Indeed, electrostimulation can be beneficial in tissue formation, tissue regeneration and wound healing, directed cell migration and alignment [6
]. There has been a special interest in myocardial regeneration after heart failure and cardiac-related diseases since the mammalian heart has a very limited self-regeneration capacity [7
]. In particular, cardiac regenerative medicine requires mature and well-defined cells in order to treat pathologies such as ischemic heart disease, cardiomyopathy and congenital cardiac birth defects in children [8
]. Electrical stimulation can potentially be one way to achieve this goal [10
]. In addition to enhanced cardiomyocyte formation, electrostimulation can result in the functional improvement of phenotypes (contractility, synchrony of beating) of formed cardiomyocytes even if prepared ex vivo [6
The electrostimulation of ESCs requires a platform to support the cells and to allow the application of external electrical fields. The vast majority of such platforms was constructed using inorganic materials. Indeed, the first systems for ESCs were made from platinum or stainless-steel electrodes in direct contact with the culture medium [10
]. More sophisticated systems used salt bridges to separate electrode buffers from the culture medium. Such an arrangement eliminated any adverse effect of the electrolysis of the culture medium, which stressed the cells to a high extent [14
The recent extensive development of organic semiconductors has rendered them to be used in biological applications as well. Among them, the conductive polymer poly(3,4-ethylenedioxythiophene):polystyrene sulfonate (PEDOT:PSS) has attracted a great deal of attention. Although the polymer chain of PEDOT shows conjugation of double bonds, the major contribution to electrical conductivity results from its nanocrystalline structure with extensive stacking. Hence, PEDOT:PSS requires post-deposition treatment to ensure favorable electrical properties [14
]. Due to its stability and biocompatibility, it has been suggested for biological applications. Indeed, short (a few hours) and mid-term (a few days) proof-of-concept applications have been implemented [15
]. Long-term applications have been rather scarce despite the fact that PEDOT:PSS can maintain its performance if processed appropriately [16
]. In connection with SCs, nanostructured PEDOT:PSS has been shown to manipulate cell adhesion. However, there is no clear general relationship between SC fate and PEDOT:PSS structure [18
]. Further, PEDOT:PSS-based composite materials have been introduced in order to provide 3D niches for SCs. In connection with electrostimulation, they appear to have great potential in regenerative medicine as shown by their support of the development of neurons from neural SCs [18
]. Other applications include osteogenic differentiation [22
]. Importantly, some works have indicated that PEDOT:PSS-based material could promote SC differentiation by itself [21
]. PEDOT:PSS was specifically used to promote cardiomyogenesis. The electrostimulation of mESCs with PEDOT:PSS-based electrodes resulted in the synchronous beating of clusters of cardiomyocytes [28
]. Further, recent work of Roshanbinfar et al., 2018 [27
] indicated that PEDOT:PSS-based hydrogel can promote cardiomyogenesis per se. The authors determined electrical conductivity to be the key player in the observed phenomenon. However, the use of organic semiconductors, including PEDOT:PSS, for a combined material-based and electrical stimulation to control SC differentiation, such as in the work of Yoshida et al., 2019 [28
], remains largely underexplored. By applying such an approach, the potential of organic conductive polymers and electrostimulation for regenerative medicine could be maximized.

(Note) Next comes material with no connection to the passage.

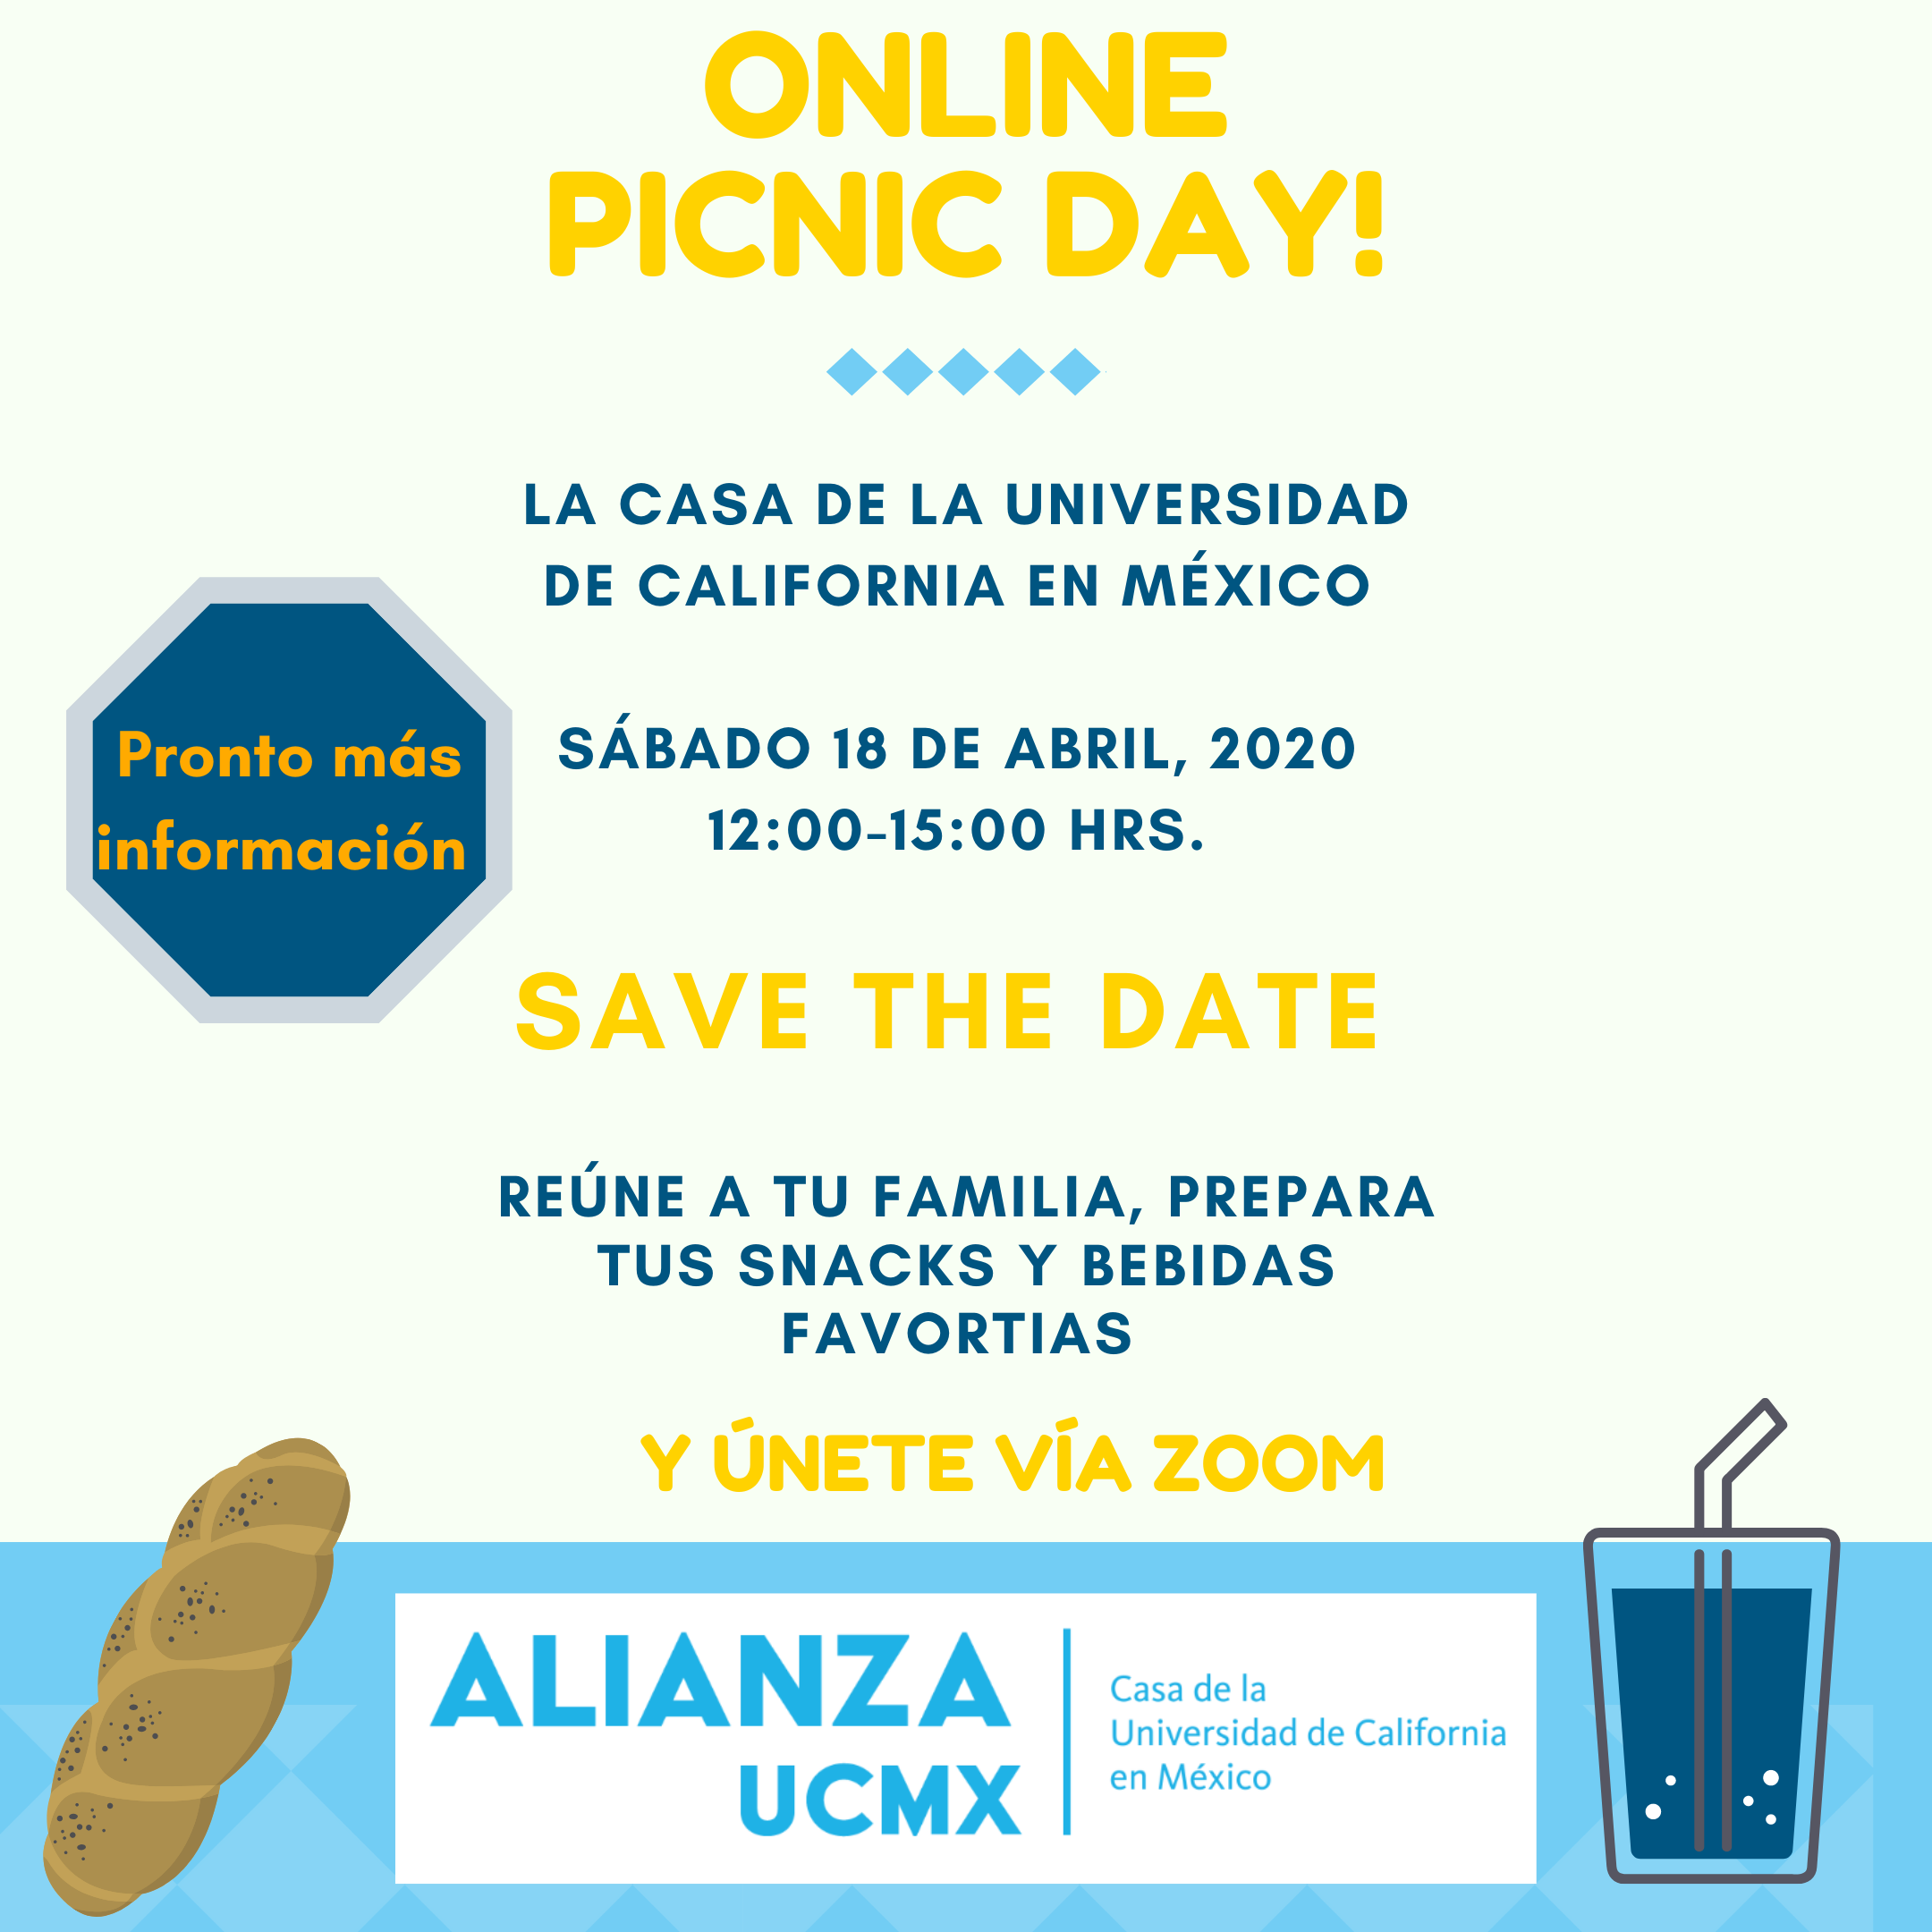 Save the date for online Picnic Day with Casa Universidad de California en Mexico

This paper describes the construction of a PEDOT:PSS-based platform for the laboratory-scale electrostimulation of cells. The design took advantage of the precise screen printing of interdigitated PEDOT:PSS electrodes on a gold support. The platform was characterized in terms of biocompatibility and ability to produce electrical current at a pulsed-DC mode of operation. The impact of electrostimulation as well as the platform itself on mESC differentiation was determined based on lineage-specific gene and protein expressions. To our knowledge it is the first time that such a PEDOT:PSS-based design was used in a device for the electrostimulation of SCs.

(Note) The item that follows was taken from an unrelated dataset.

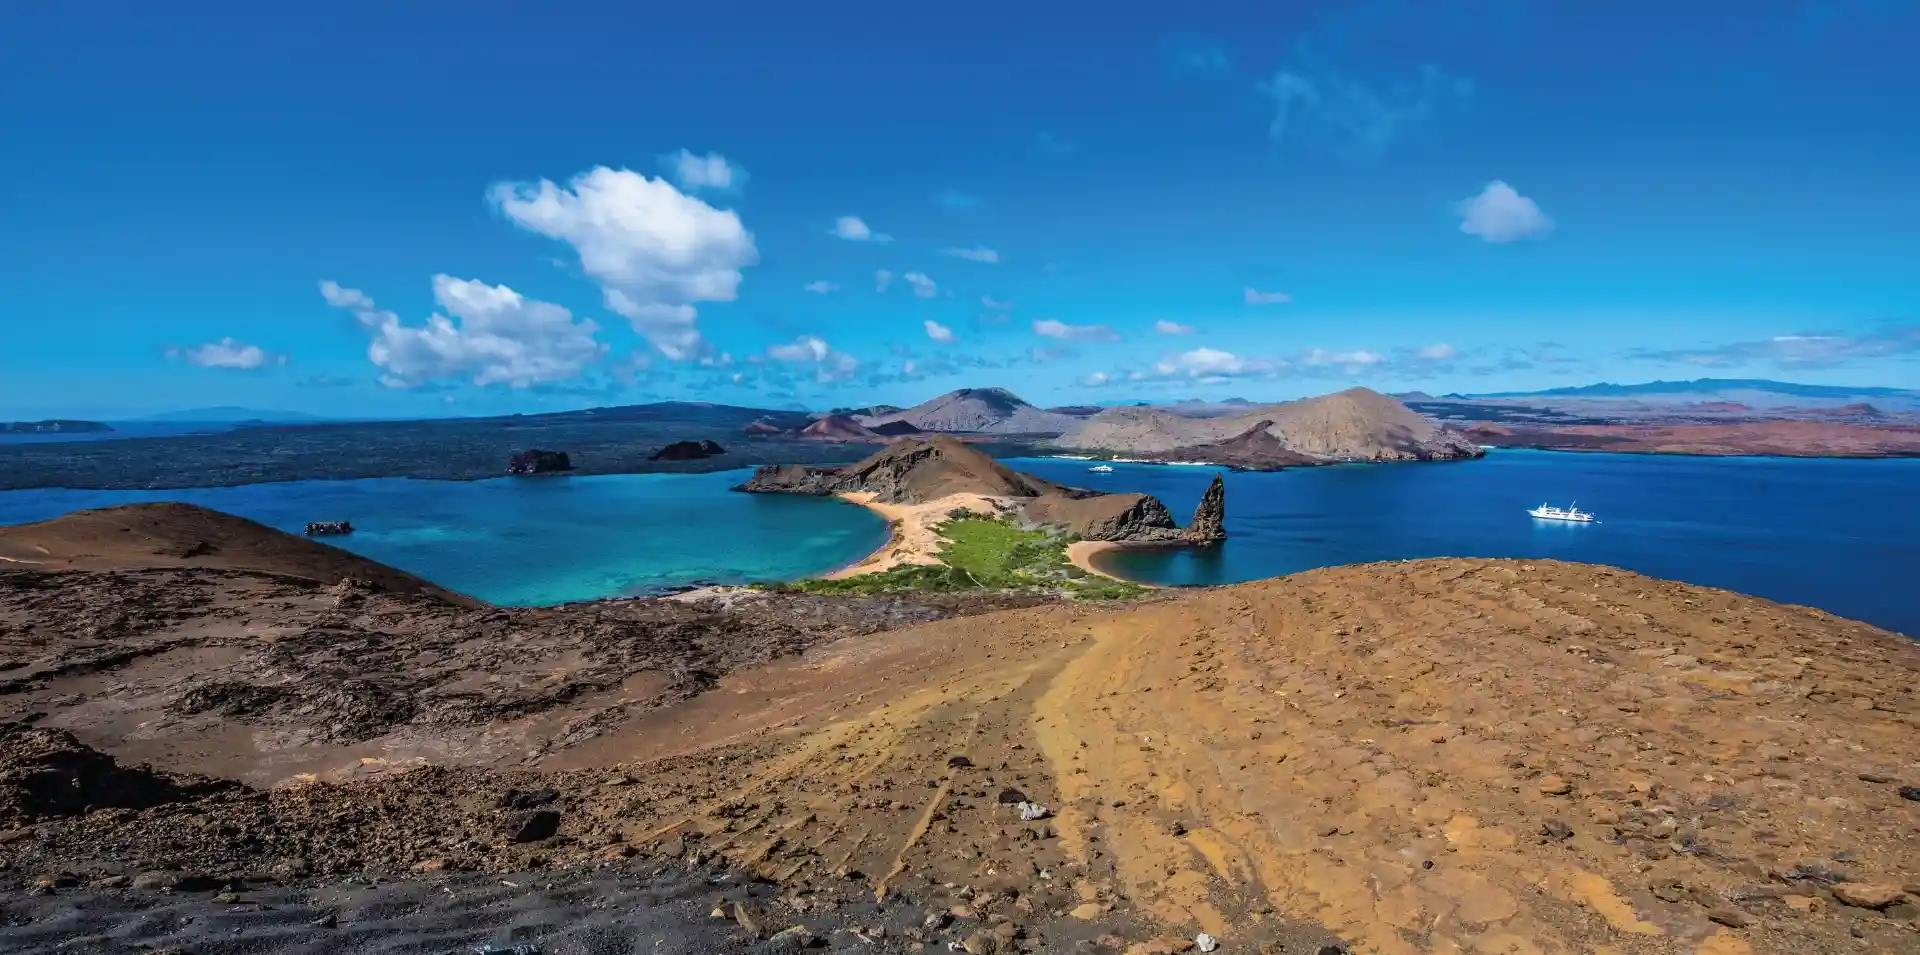 Islas Galápagos: Bartolomé

The use of novel materials and electrostimulation to promote and control stem-cell differentiation is constantly gaining interest as a promising tool for regenerative medicine. The selective differentiation into a specific line is of special importance. [6
]. Further, organic conductive materials appear to be an excellent alternative to commonly used inorganic materials (e.g., gold or platinum) [19
]. Therefore, we determined if a PEDOT:PSS-based platform can be beneficial to the differentiation of mESCs compared to a gold-based platform.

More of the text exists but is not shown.